Marcus Holman (16 G, 23 A) has taken over that role for the Heels this year.  As much mixing-and-matching as coach Joe Breschi has done on defense, he's done even more on offense; Holman is the only offensive player to start all 11 games.  A pair of freshmen, Joey Sankey and Jimmy Bitter (yes, Billy's brother, how many other families named Bitter do you know?) are the next two guys to watch for.

It's a very attack-heavy offense, by which I mean the midfielders are not heavy participants.  The top five scorers all play attack, and they've all started games this year and will rotate in and out.  You have to go to the sixth slot on the stat sheet (freshman Chad Tutton, 9 G, 6 A) to find a midfielder.  Obviously this puts pressure on the defensemen, who'll also have to communicate their assignments with all the substituting going on.

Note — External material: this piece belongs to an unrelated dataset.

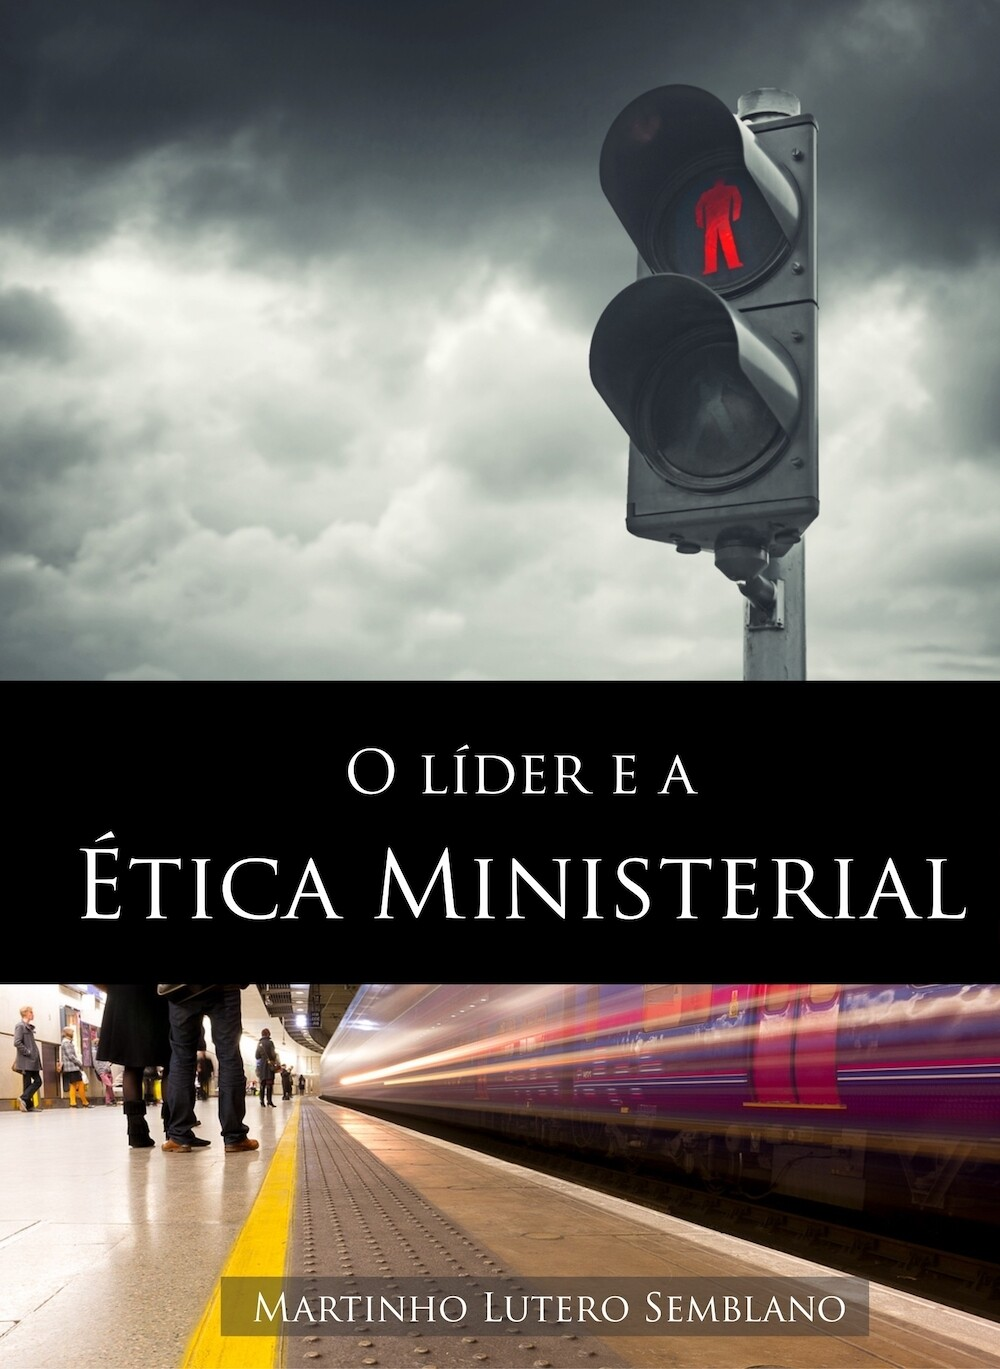 O líder e a ética ministerial

UNC has lost a few questionable games, but their offense makes them a highly dangerous team.  I watched their game against Hopkins and they broke down the Blue Jay defense like it was nothing.  13 goals on that Hopkins team is a hell of an accomplishment.  Carolina's got an excellent faceoff man in R.G. Keenan, and offense plus faceoff prowess equals can beat anyone.  UVA will have their hands full.

-- Outlook

As long as the Hoos can deal with the Heels' offense, we should be fine.  That's a tall order, of course.  But remember: they also have to deal with ours.  Stanwick to Bocklet is the deadliest combination in the country, and a few of our other guys have figured out how to score too.  If UVA wins this game, we'll be assured, at a minimum, of the right to wear white jerseys in the first ACCT game.  So that's something, because I don't really like the blue ones, not with the neon orange shoulder stripe.  I promised myself I'd refrain from saying anything about revenge for basketball, and I got this far but screw it: let's get revenge for basketball.